Again, the complex relationship with deity: the desire to remain in its sight, while denying an upper-case You.
The final section begins in the midst of a destructive flood: “Cache Creek Bridge at Flood Stage.” The creek has “flung oaks against the bridge, torn // off limbs and crushed them to death,” as the speaker recalls a phone consultation with a psychic, who supposedly conveyed a message from Gregory, “the best friend I ever had,” a victim of suicide. The certainty of natural disaster and Gregory’s death on the one hand, the doubtfulness of the psychic’s ability on the other hand, leads to this threshold:
[ … ] I’m done
second-guessing what comes next,
whether an oracle or charlatan ferried
something of Gregory to me
over waves, if there is a god
waiting anywhere for anyone.
It is the call of
the concrete that’s undeniable, that holds fuller insights than
come from wishful abstraction. In “Psalm with Errant Joy and
Devastation,” after a hummingbird flies through a broken window and
dies, Levine’s daughter “[l]ays the tiny bird in her palm // and
looks close at the delicate overlay of plumage, / the iridescent rust
and emerald wings, // a stippling on the throat’s underside.”
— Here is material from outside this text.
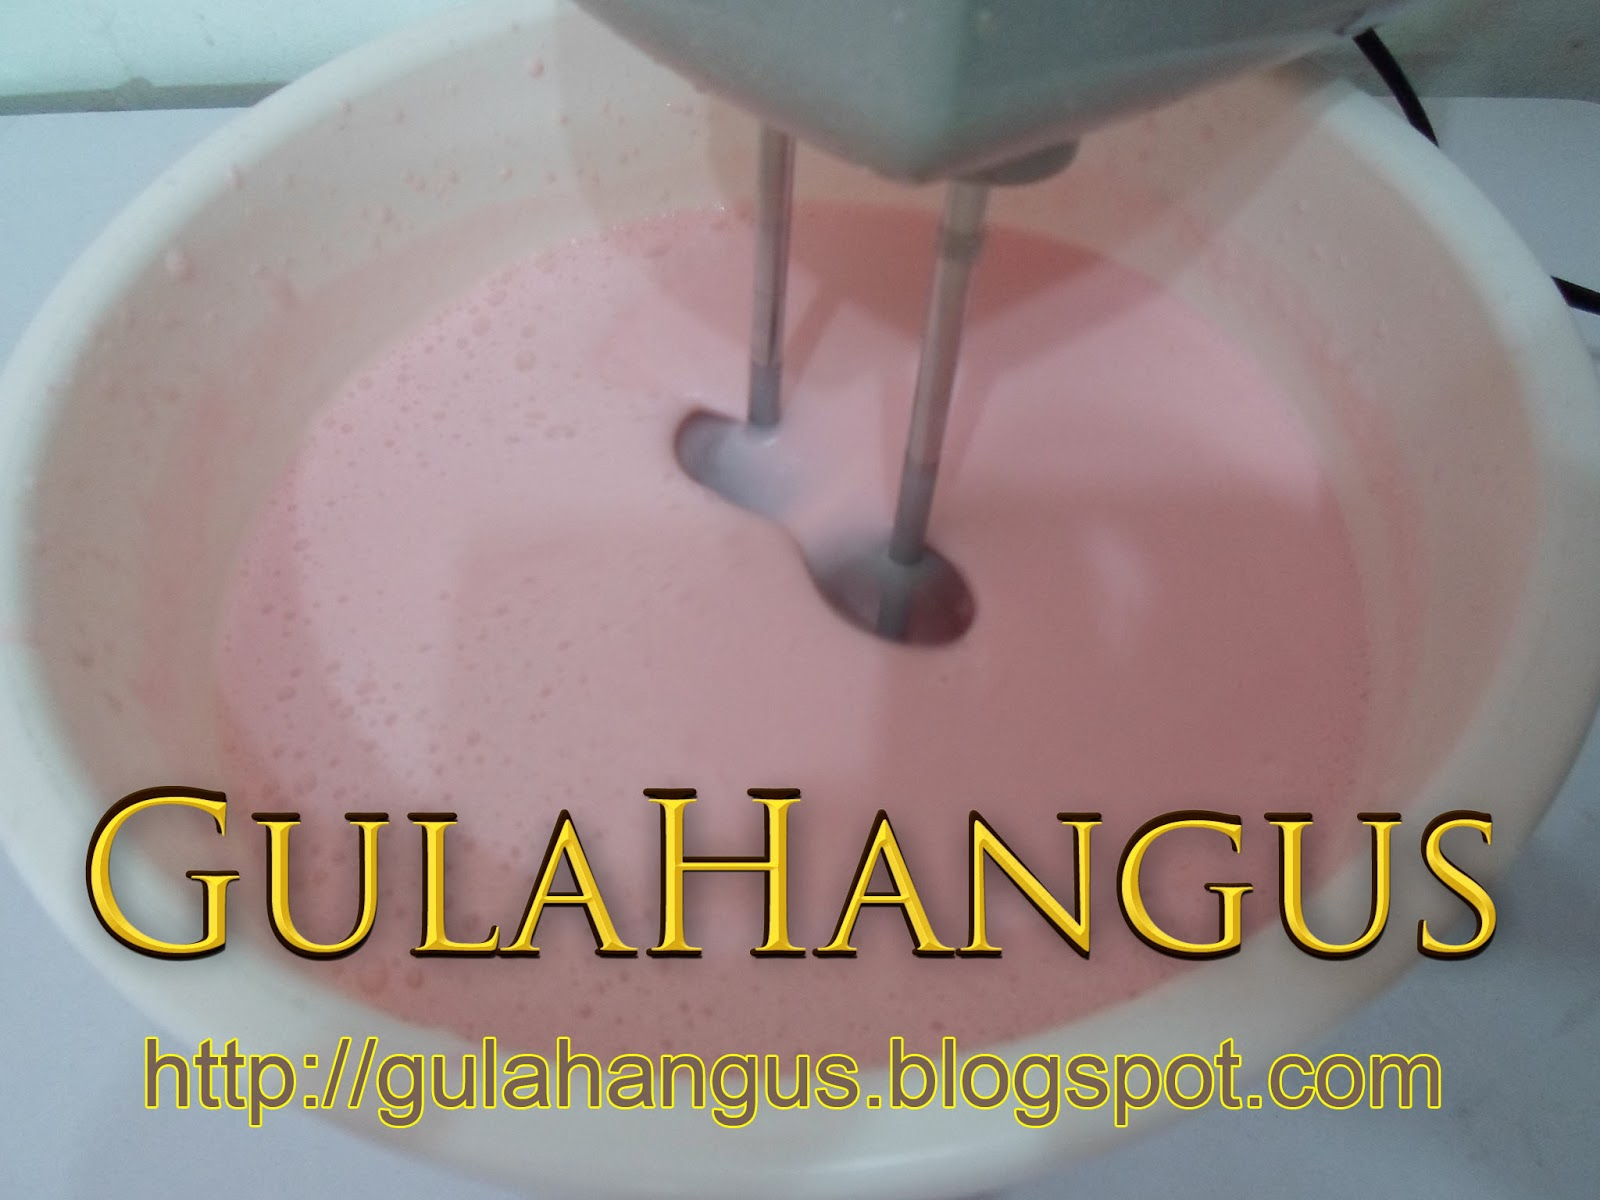 +vanilla+coklat+Puding+susu+coklat+strawberry+UHT+APAM+coklat+PUDING ...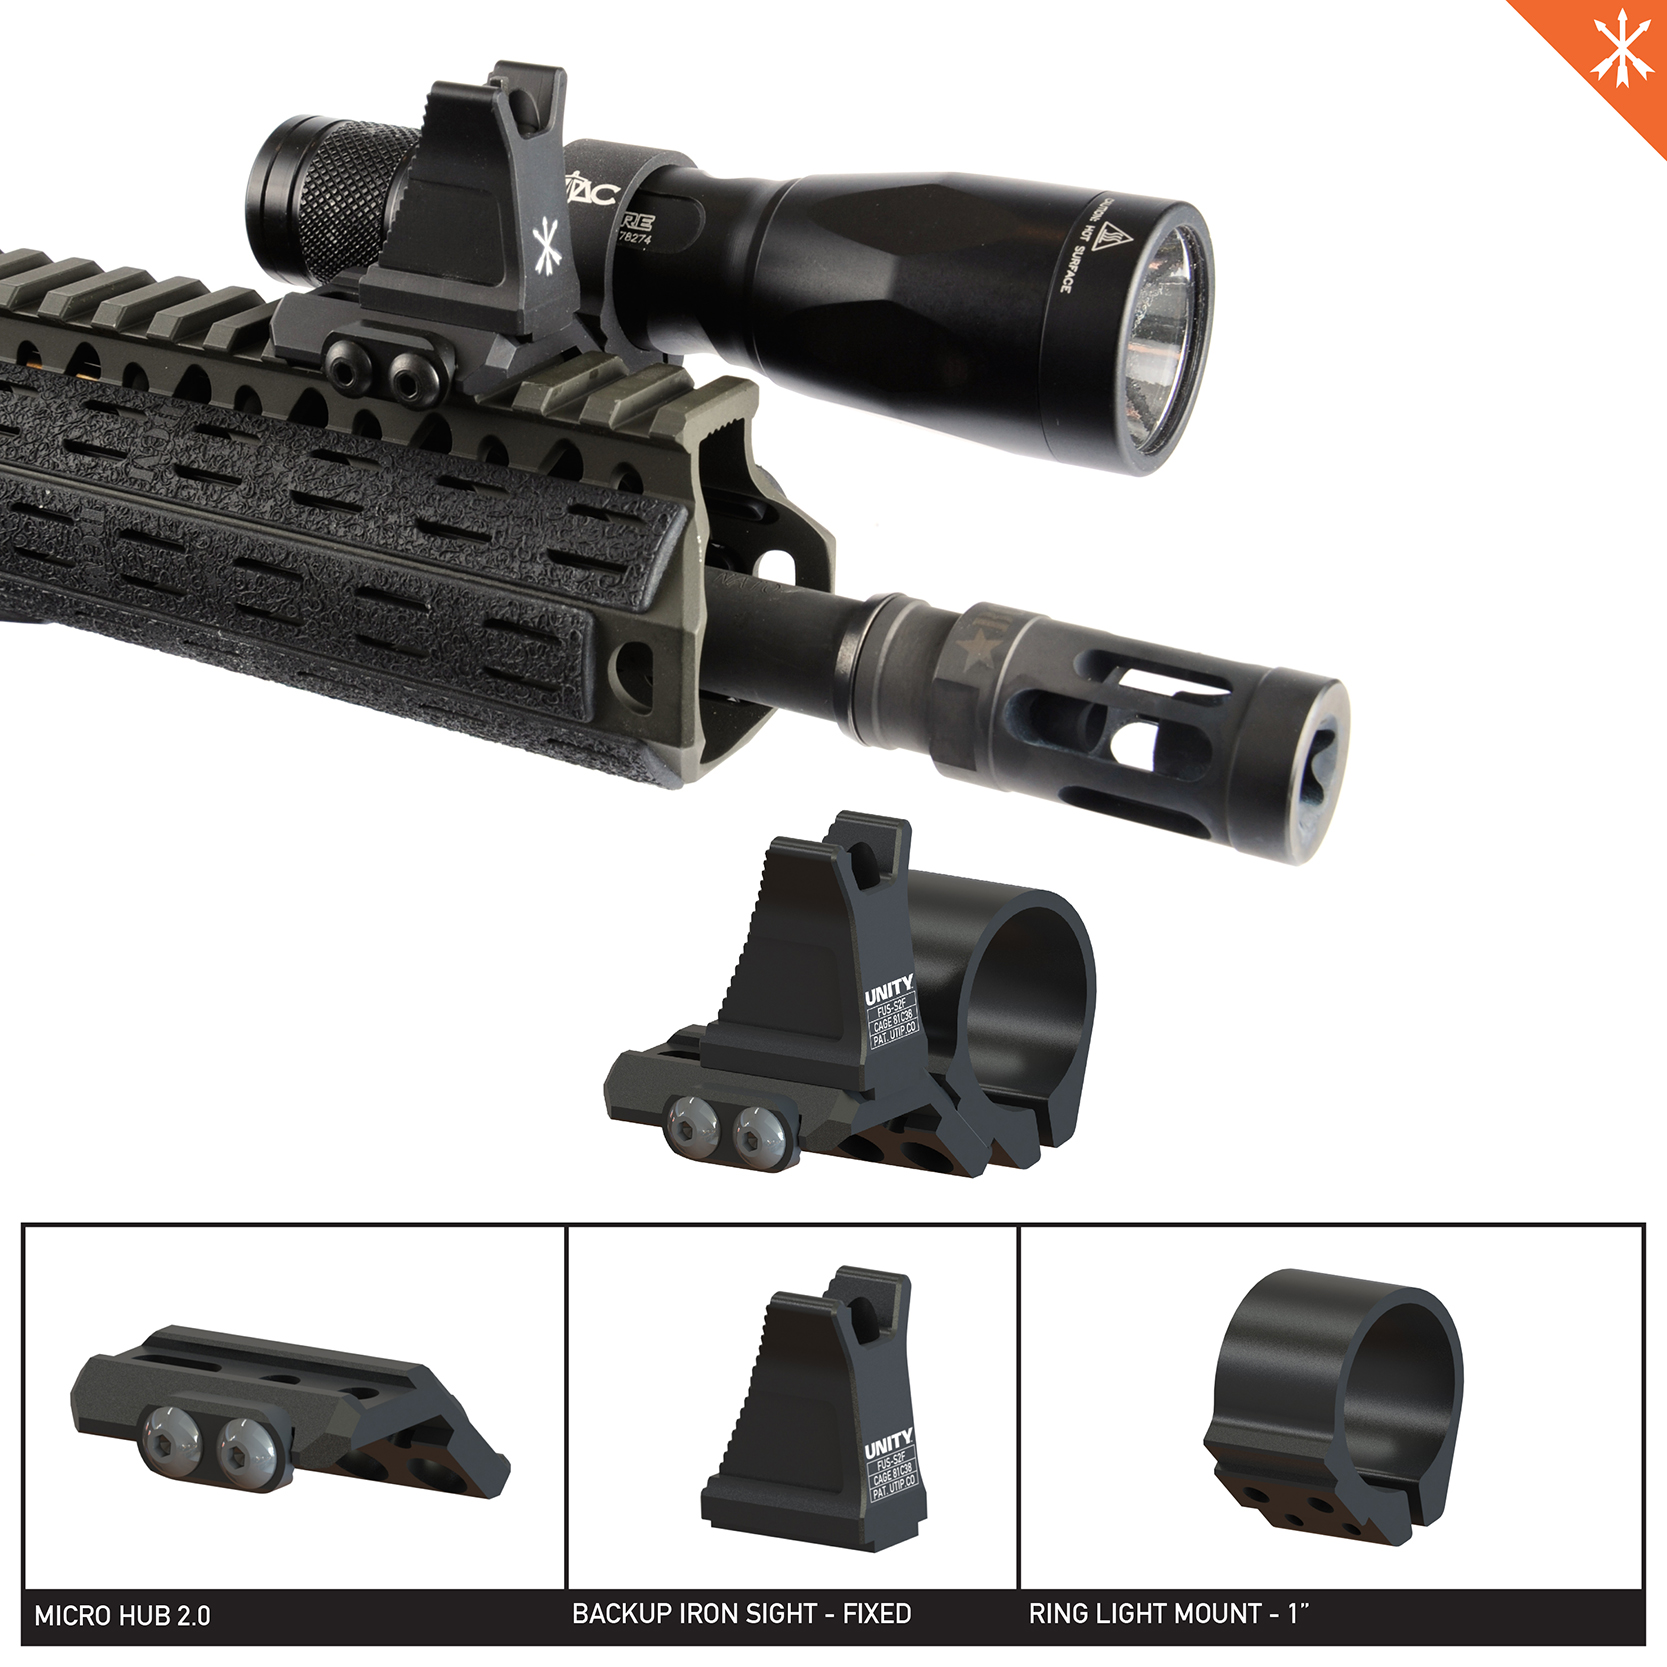 Unity Tactical FUSION - Fixed Backup Iron Sight

Here as elsewhere, beauty and corruption stand together,
unreconciled. We have the chance, then, “to speak clearly to the
devastation // the poem calls a heart, / and the heart calls a
poem.”
After the radical uncertainty about the reality of the Divine, including whether its words are to be capitalized, it’s significant that the final poem, simply titled “God,” is rooted in the evident:
You know that hour in winter
when the light is salted gauze
and you stop a moment
in one of the last untouched fields
in this landlocked valley—
the new grass a rain-fattened green,
thick as uncombed hair.
[ … ]
This is the moment you need a prayer
from your animal self.
“I turn my flashlight on. / I don’t know what else to do but witness.” These lines conclude “Cache Creek Bridge.” Gregory’s suicide, Mary’s cancer, Julia B. Levine’s blindness. The hummingbird’s iridescence, crepe myrtles in bloom, the feel of chopped onions. Lamentations cover part of this ground, but psalms include all of it. If reconciliation comes, it is only through full engagement with the gorgeous, the unbearable, and the incomprehensible.